Напрасно он одергивал себя: очнись, оглобля, девчонка совсем!

Плевать сердцу и глазам плевать. Потянулся всем существом, как деревце к солнцу, и хоть закори себя. Вот ведь пристало, отмерялось судьбой вмиг, ни за что ни про что пропасть в синеглазке, ухнуть, как в омут, в несмышленку.

Лена осторожно, робея и смущаясь, косилась на Николая и с трудом делала вид, что интересуется больше разговором Надежды и Александра. И даже завидовала бойкости подруги, что с непосредственностью умудренной жизнью женщины кокетничала с симпатичным офицером. И осуждала одновременно: как же она может так нескромно вести себя. А взгляд отмечал совсем другое — теплый оттенок глаз Николая, широкие плечи, пальцы, что мнут папироску. Что ей в них, что они ей? А сил нет, как нравится поглядывать.

Взять — ничего в нем такого, а все же что-то есть — волнующее, притягательное. То ли жест этот простой, то ли взмах ресниц, то ли взгляд вроде серьезный и все же добрый, лучистый, профиль волевой, осанка военного.
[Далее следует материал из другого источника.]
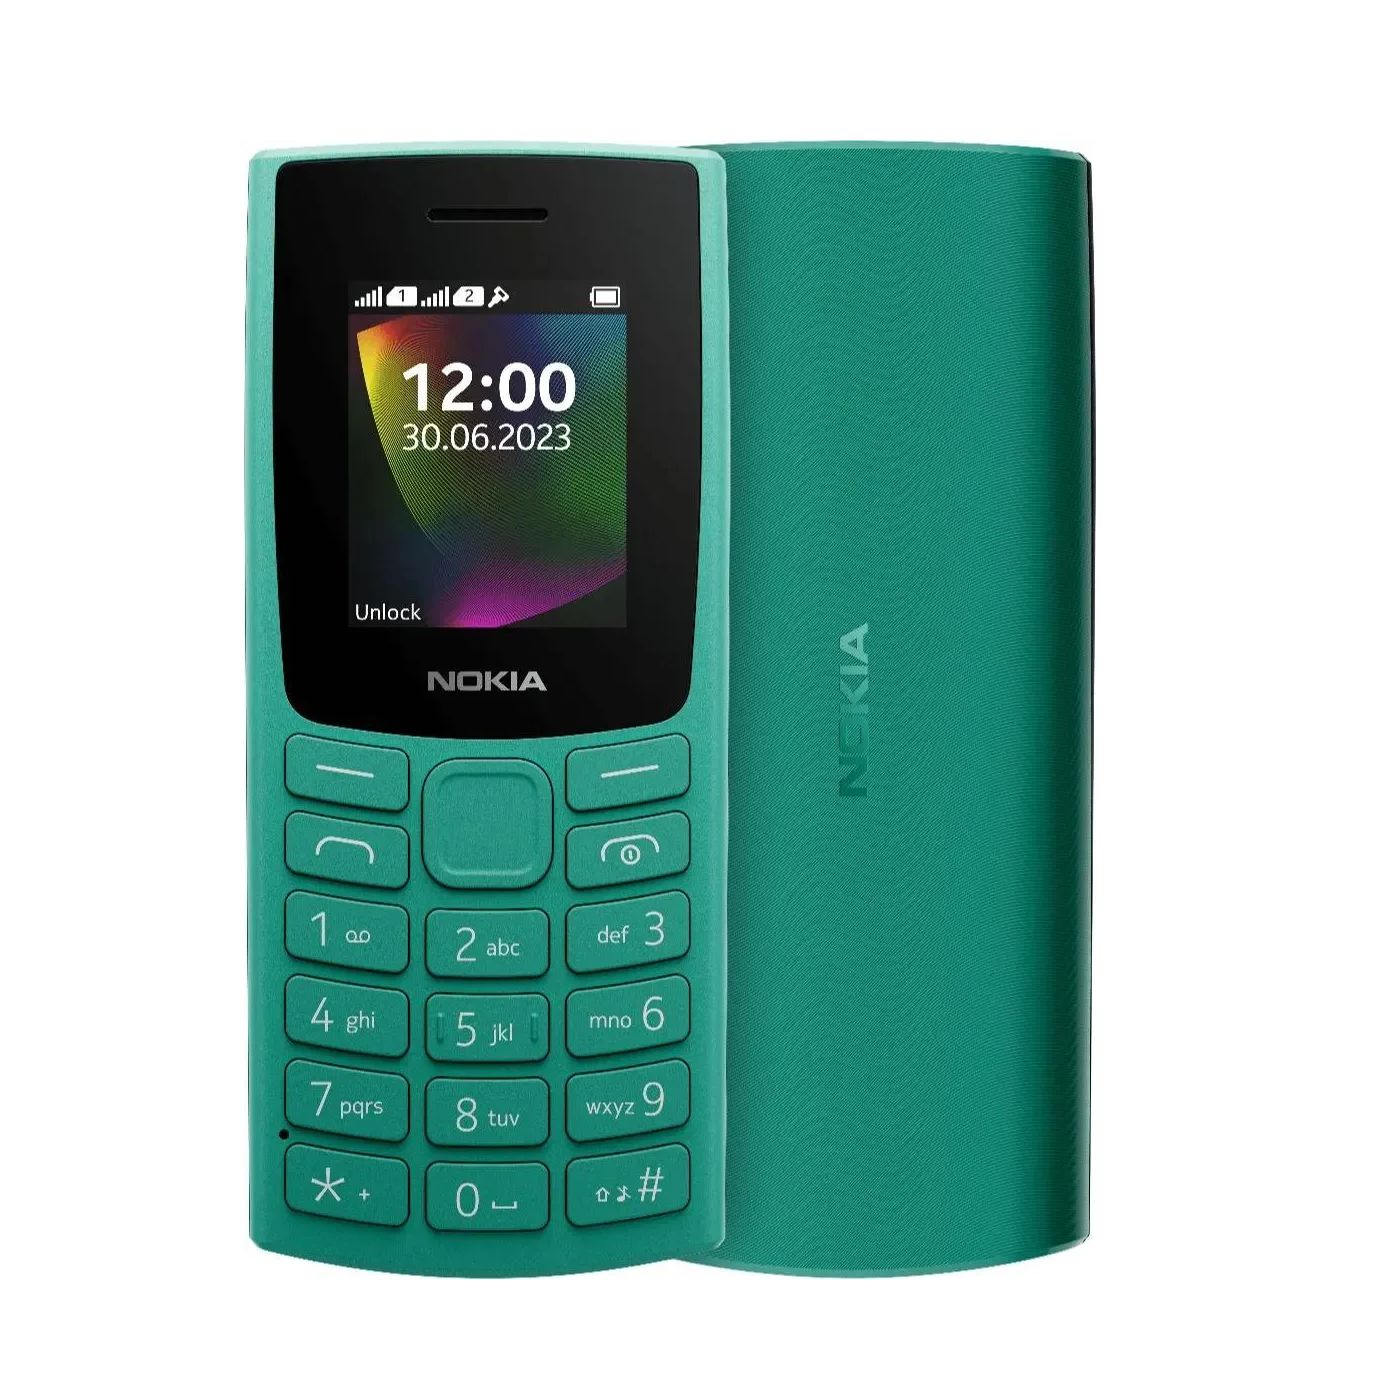 Мобильный телефон Nokia 106 (TA-1564) DS EAC Green цена и фото

Вело от него, веяло сильным, притягательным. Но куда понять девчонке, что же это такое загадочное влечет ее в мужчине. Вот и сидела дурочкой, лишь мысленно отвечая на вопросы Николая, так же бойко и остроумно, как Надежда отвечала Александру, и в воображении принимала разговор с обоими мужчинами на равных, говорила умно и рассудительно. На деле же рта не открыла, боялась глупой, косноязычной показаться. И все за прямой осанкой следила да прятала под серьезность смущение. Косу на десять раз сплела и расплела.

— Ладно, мы пойдем, покурим да чай спросим, — хлопнул по колену Александр. — Не скучайте и готовьте пироги.
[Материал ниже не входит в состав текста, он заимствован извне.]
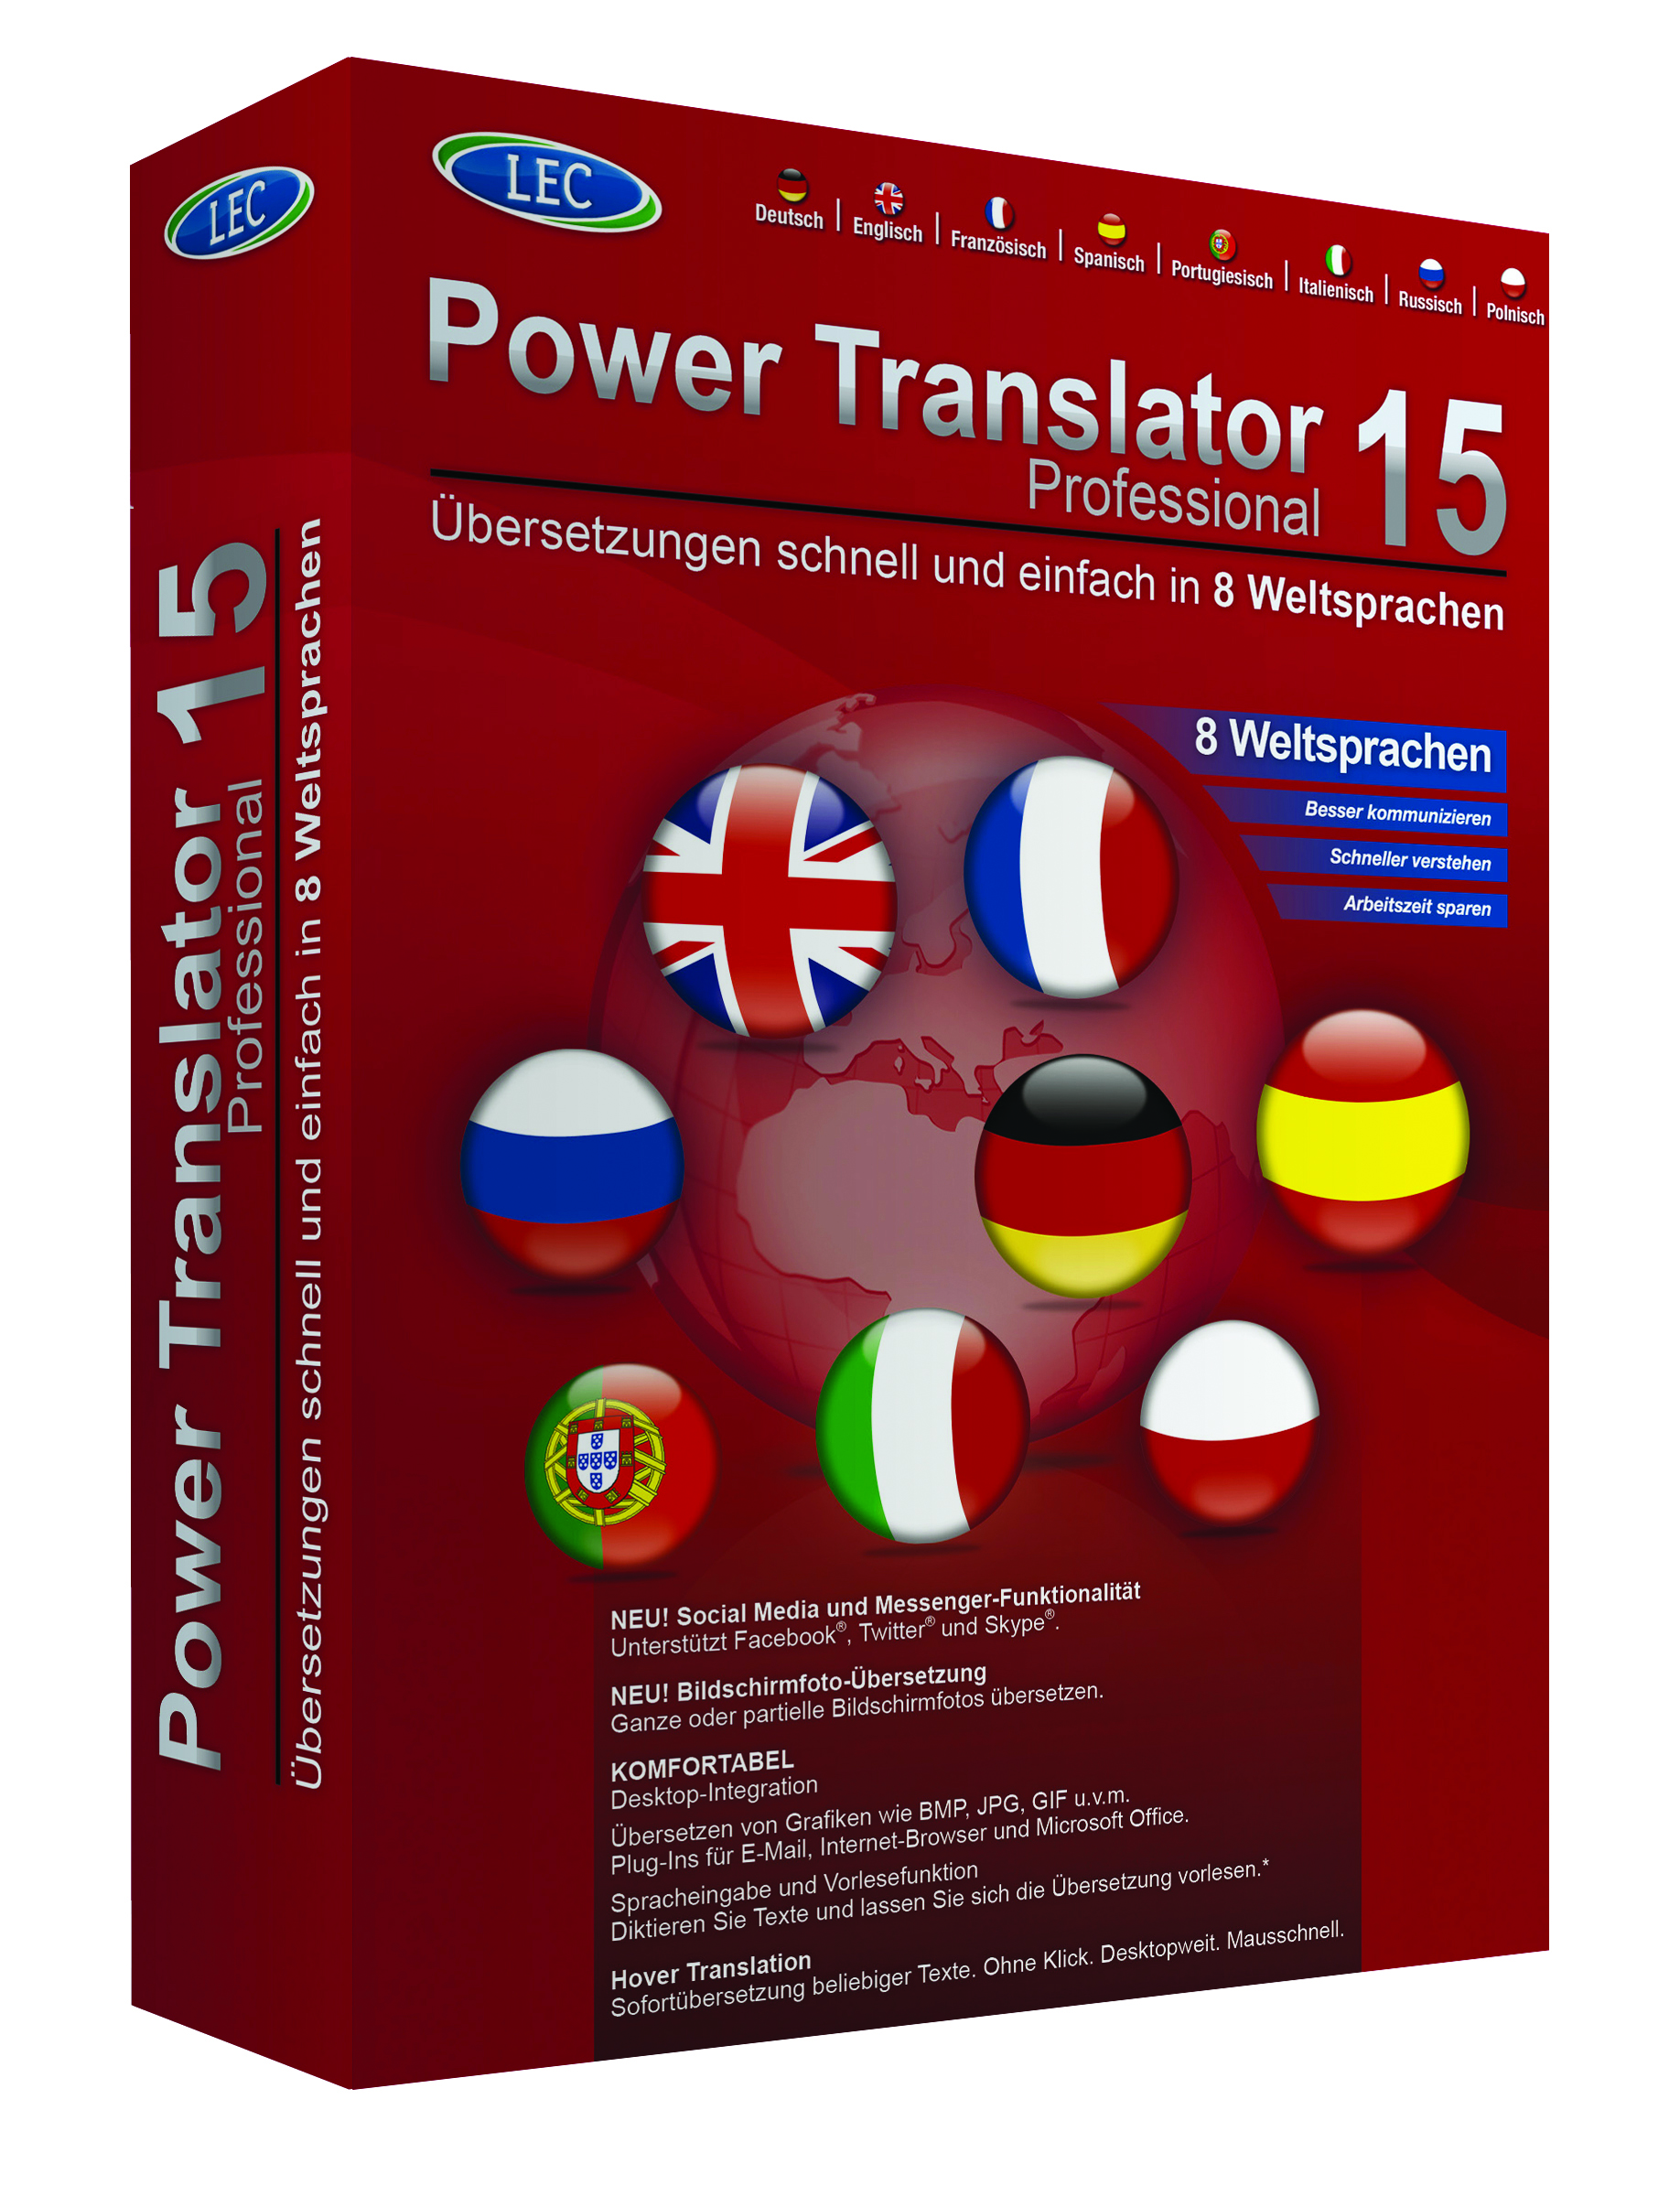 PowerTranslator15 pro 3D links 300dpi CMYK

— Обязательно, — заверила Надя.

Саша встал и бесцеремонно вытолкал друга из купе. Тот оглянулся, встретился с чуть испуганным и растерянным взглядом Лены и поспешно прикрыл дверь за собой.
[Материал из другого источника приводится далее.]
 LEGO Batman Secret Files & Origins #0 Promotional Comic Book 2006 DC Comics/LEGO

— Лен, ты чего сидишь, как кол проглотила?! — зашипела на нее тут же Надя. — Сказала бы что-нибудь, а то как немая! Посмотришь, дура дурой.

— Сама такая! — огрызнулась та и косу за спину откинула. — Тебе лишь бы языком молоть. Думаешь, все такие?

— Эк пофартило! Чуял — с детским садом придется ехать, так и случилось, — засмеялся Дрозд, прикуривая папироску. Николай кивнул, не слыша его. Он смотрел в окно на летящие за ним облака и деревья, а видел Лену, что теребит косу и рдеет румянцем.

— Сколько им, как думаешь? — спросил тихо.

— Да по пятнадцать, максимум. Ну и что? Хорошо не по пять. Надежда веселая, не соскучимся. А вторая угрюмая какая-то. Как ее зовут-то, запомнил? А то я как-то мимо ушей пропустил, неудобно получится, если обратиться придется.

— Она не угрюмая. Лена ее зовут, — сказал с теплом в голосе, что не заметил бы лишь глухой. Саша внимательно посмотрел на друга и присвистнул:

— Не запал ли ты на нее, старичок? — озабоченно нахмурился. — Не дури. Малолетка.

— Дурак ты, — недобро глянул на него Коля. — К чему и о чем говоришь?

— Так, на всякий случай. Четыре дня и школьницы налево, мы направо. А через две недели ать-два: здравствуй казарма.

Мужчина согласно кивнул, не взглянув на друга.

— Помни.

— Я?

— Не я же. Ты девчонке мозг пудришь от скуки, а она по наивности своей всерьез ведь думает — приглянулась.

— Советуешь как ты, бирюком сидеть, как пень с глазами? Я застрелюсь за четыре дня такого праздника!

— А с ними не застрелишься?

— И с ними застрелюсь, — согласился Дрозд. — В вагон-ресторан сходить, что ли, познакомиться с кем-нибудь.

— Нет, тебе точно надают по шеям за амурные похождения, из армии и кандидатов в партию выкинут как идейно ненадежный элемент.

— Я вообще-то не про знакомство с девушками, "пророк", — скривился Саша, окурок откинул. — Но даже если и да, что с того? Что ты как замполит: бу-бу-бу? Лето, брат, отпуск! Две недели вольной жизни всего-то! И настроение, поверь, весь мир бы обнял! Что ж в этом плохого?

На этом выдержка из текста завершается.